COVID-19 in Native American Communities: Pandemics, Colonialism and Cultural Genocide

By Rya Jetha (PO ’23)

An extreme public health crisis demands an extreme response from governments. Closing off borders, contact-tracing citizens, and limiting rights has proven necessary for flattening the curve. However, governments walk a fine line between enacting extreme measures to combat COVID-19 and using the public health crisis to consolidate authoritarian power. President Trump, for example, has used the pandemic to promote his personal policy interests. While his home state of New York was setting up industrial warehouses brimming with corpses waiting to be processed and mass buried, the Justice Department, headed by Trump ‘yes-man’ William Barr, asked Congress for powers to eliminate legal protections for asylum seekers and to detain people indefinitely without trial. While these powers were not granted, they reveal Trump and his administration’s intentions to use this pandemic to achieve their exclusionary, tyrannical goals.

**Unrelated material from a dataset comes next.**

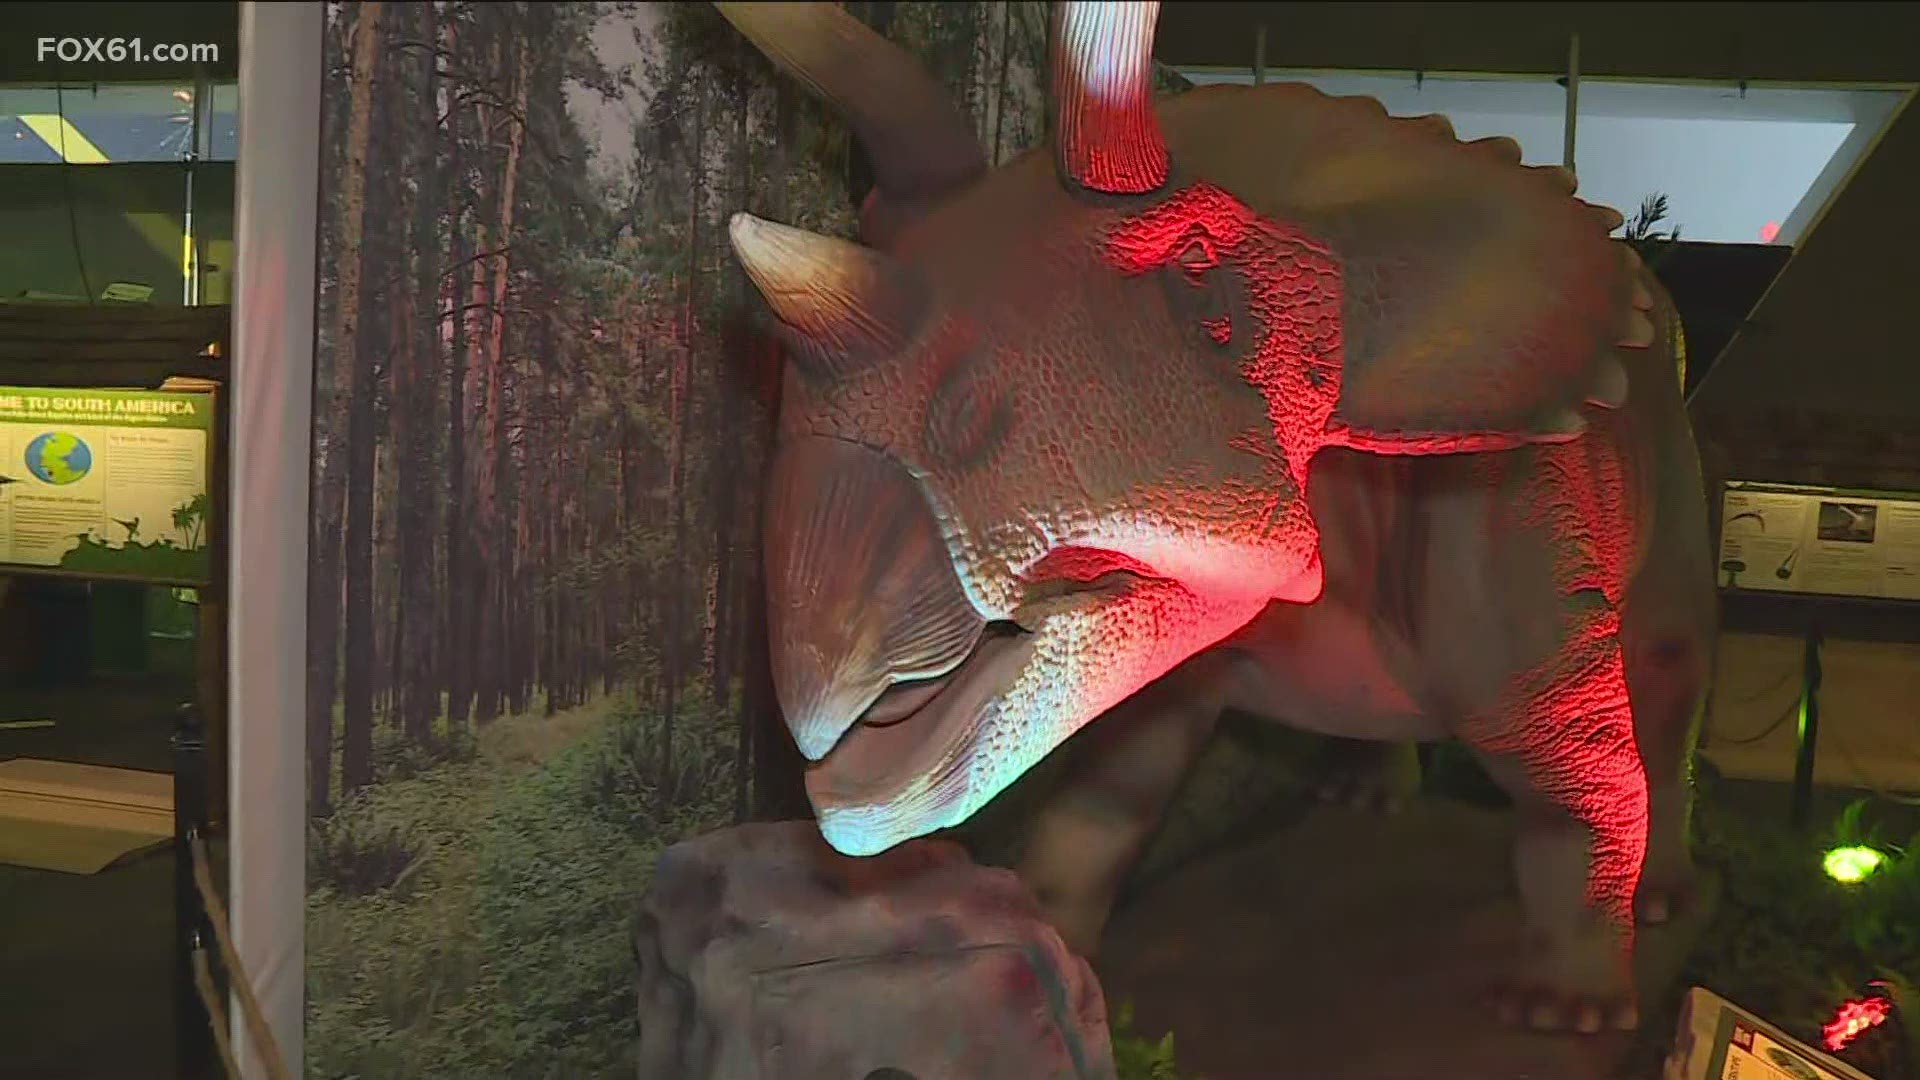 FOX61 visited the Connecticut Science Center on Thursday to explore the new Dinosaurs Around the World Exhibit.

Trump himself has demonstrated a willingness to exacerbate the public health crisis, encouraging anti-lockdown protest movements and spreading misinformation at press briefings and on twitter. Less known and just as shameful has been the Trump administration’s efforts to hurt historically vulnerable communities, particularly Native Americans, who are spread across 567 sovereign tribal nations in the United States.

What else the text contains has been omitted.